Differential RA signalling activities have been implicated as a key regulator of region-specific phenotypes. For example, RALDH2−/− mouse embryos have been reported to show bilaterally asymmetric somitogenesis due to left–right desynchronization of segmentation clock oscillations32. Previous analyses of naked neck chickens revealed elevated RA in the neck potentiates BMP signalling, which inhibits feather formation33. Our findings here indicate GREM1 as a potential candidate to explain the potentiation effect of RA on BMP signalling. During limb development, RA forms a gradient for proximal–distal limb patterning25, which is in the same direction as those in primary remiges. Therefore, it is possible that the limb RA gradient is somehow imprinted within the remige pulp cells and the steepness of the limb RA gradient is used to establish a continuum of asymmetry levels in remiges along the wing.
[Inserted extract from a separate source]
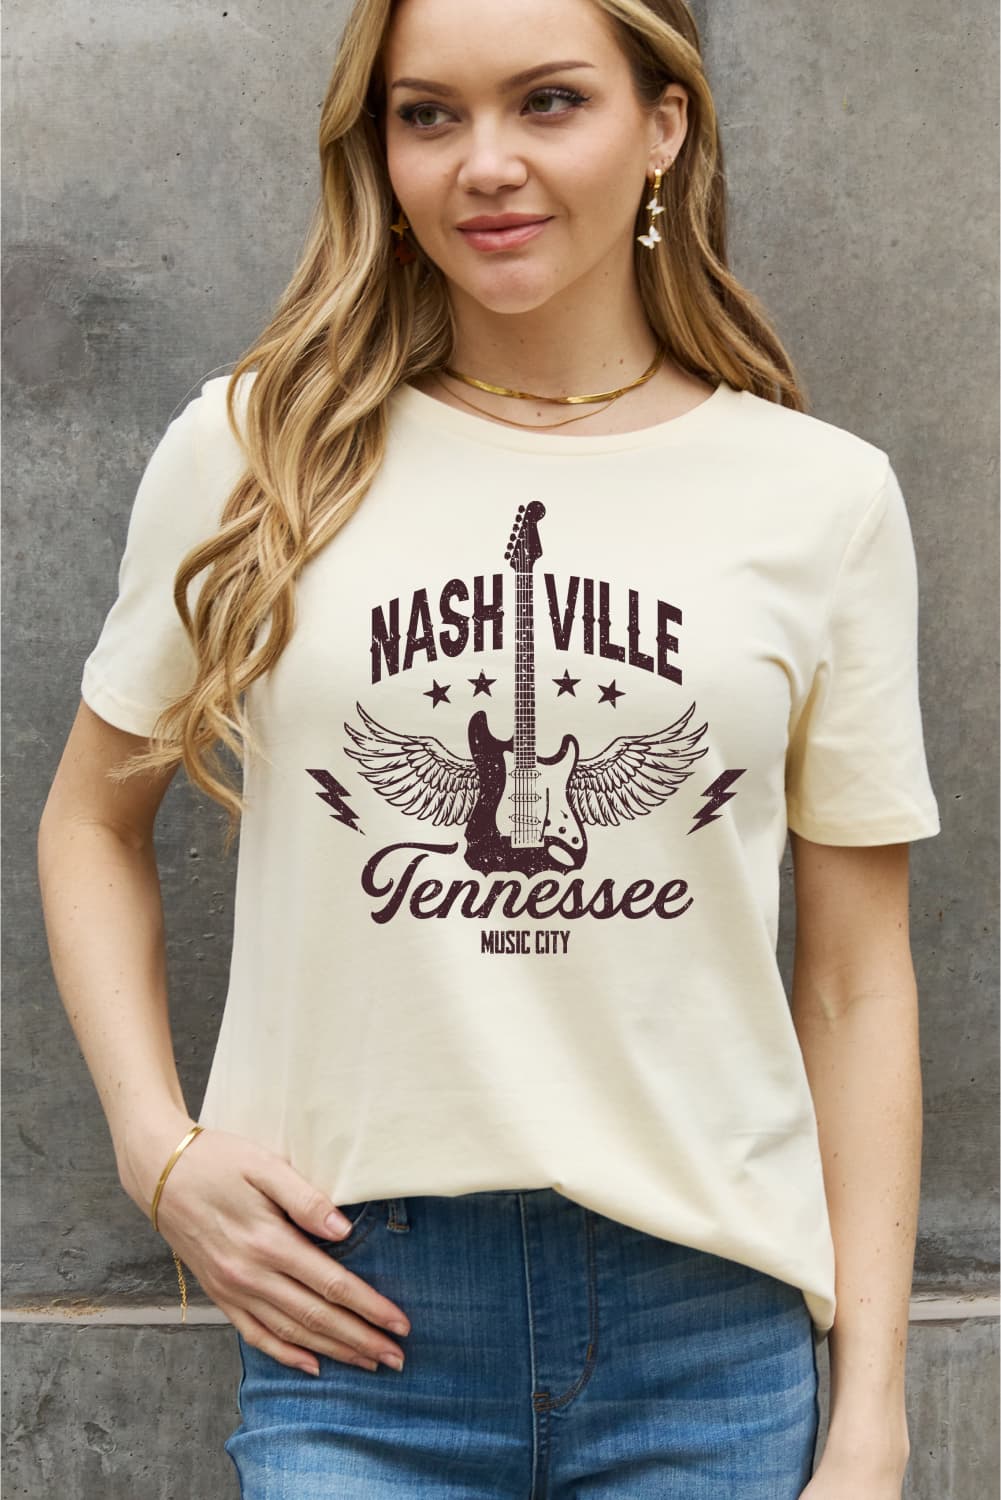 Simply Love Simply Love Full Size NASHVILLE TENNESSEE MUSIC CITY Graphic Cotton Tee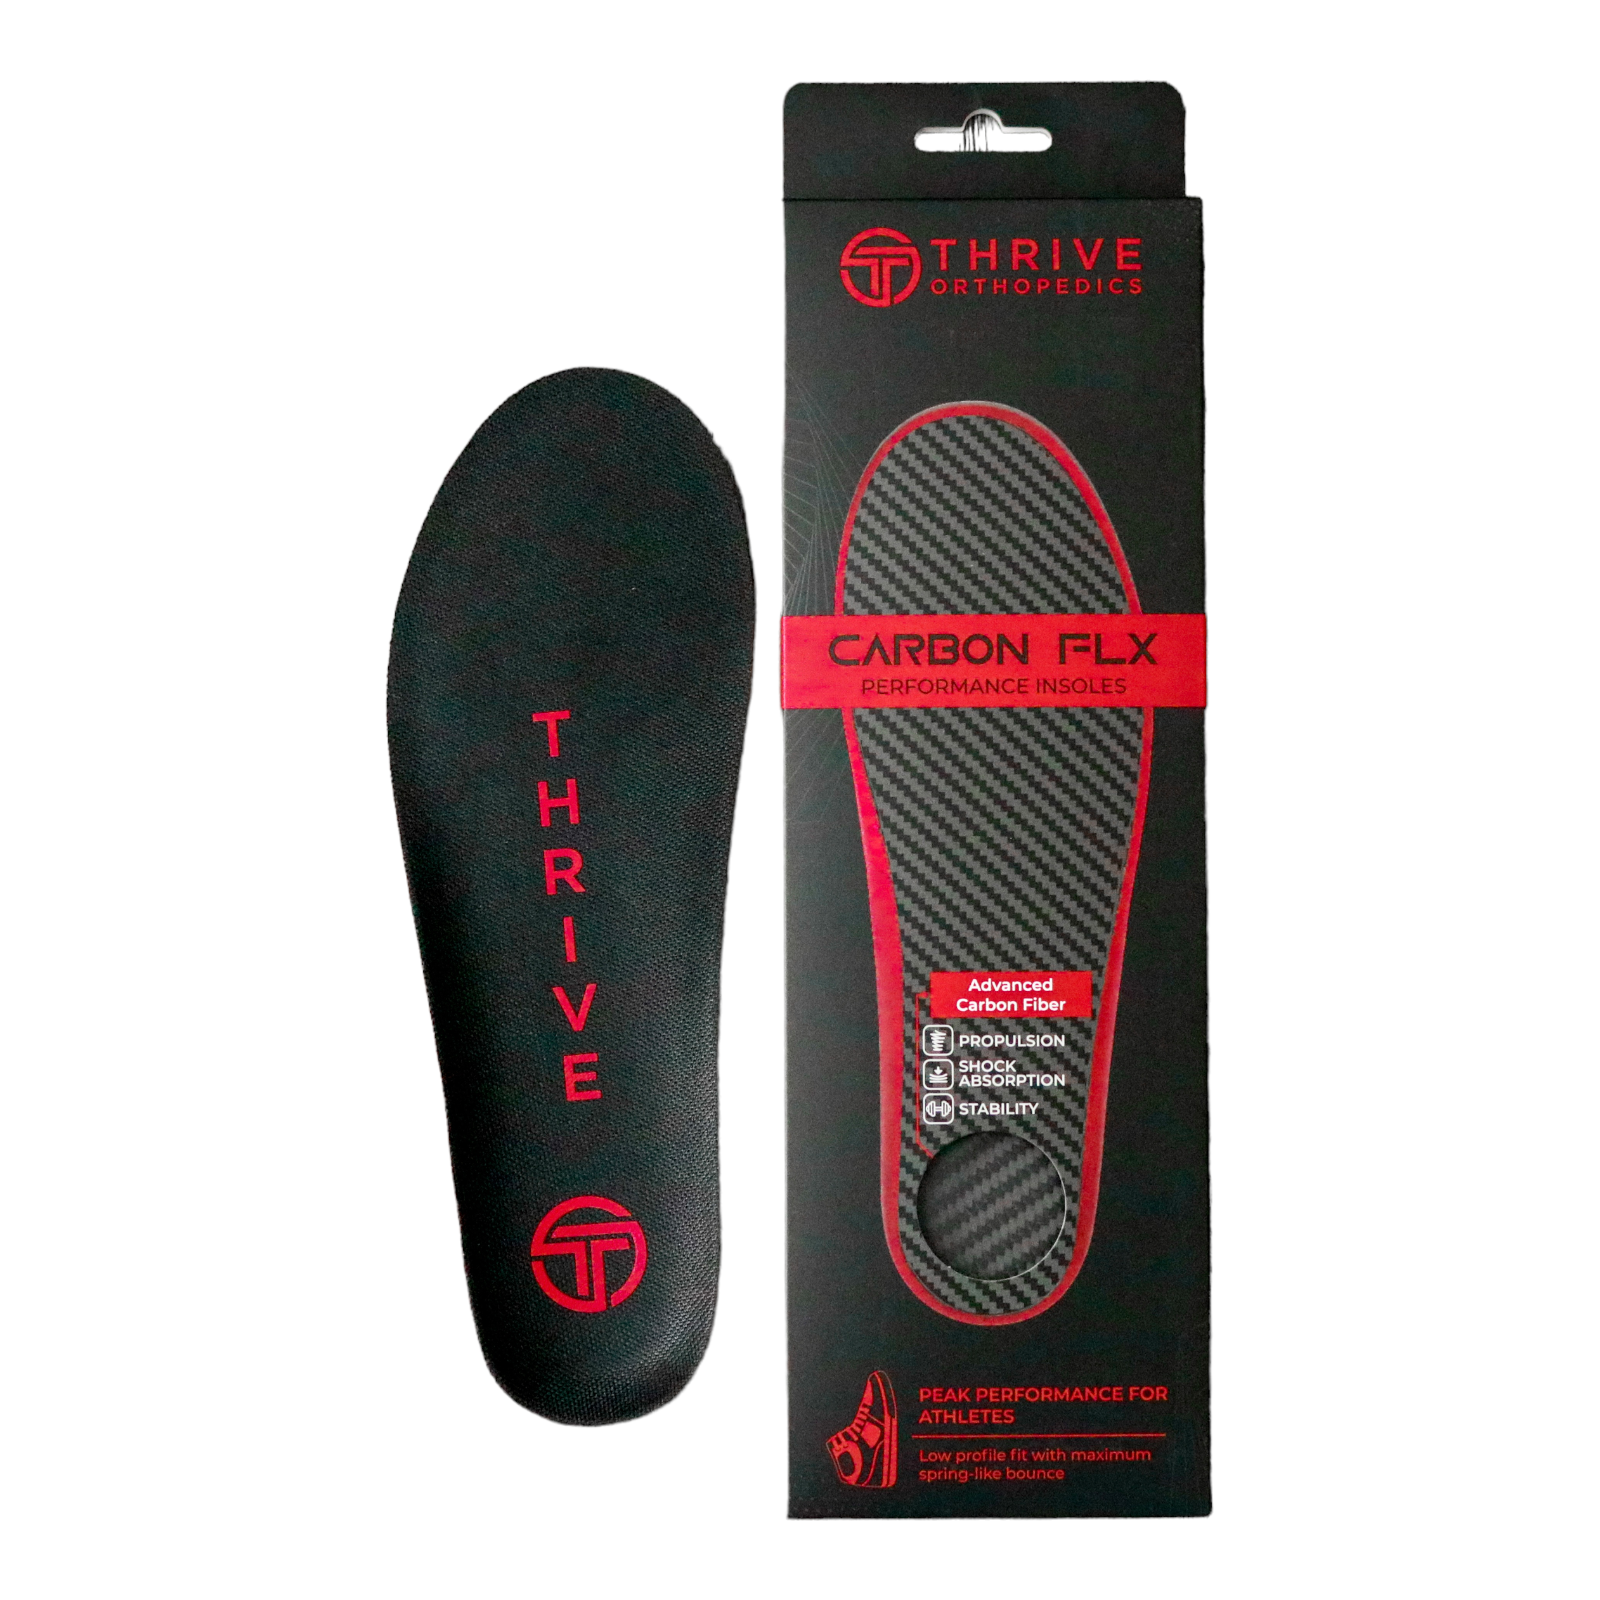 Carbon FLX Performance Insoles  from $99.99 at Thrive Orthopedics

Beside the gradual changes of RA gradient, we also observed switch-like regulation of RA signalling in breast vs dorsal plumes. This may result in the differential expression of Homeobox genes or T-box genes, which are body axis organizers that can potentially regulate GREM1 expression34,35,36. Additionally, RA signalling can be swiftly modulated during feather growth to give rise to abrupt vane shape changes like emarginated notches.
Besides its effect on BGZ topology, RA signalling also modulates barb-rachis angles, which may further contribute to the diversification of vane shapes. A recent publication indicates the emergence of asymmetric remige vanes and the differential barb-rachis angles between vanes occurred at different times during evolution, and it is the differential barb length that determines vane asymmetry37. In Mesozoic birds such as Archaeopteryx and Confuciusornis, the narrower lateral vanes of primary remiges have shorter barbs but comparable barb-rachis angle to the wider medial vanes. In our work, we found the feather vane width and barb length are not always correlated in chicken feathers (Fig. 1c,e). Therefore, it is possible that the differential barb-rachis angles were evolved after the Mesozoic period.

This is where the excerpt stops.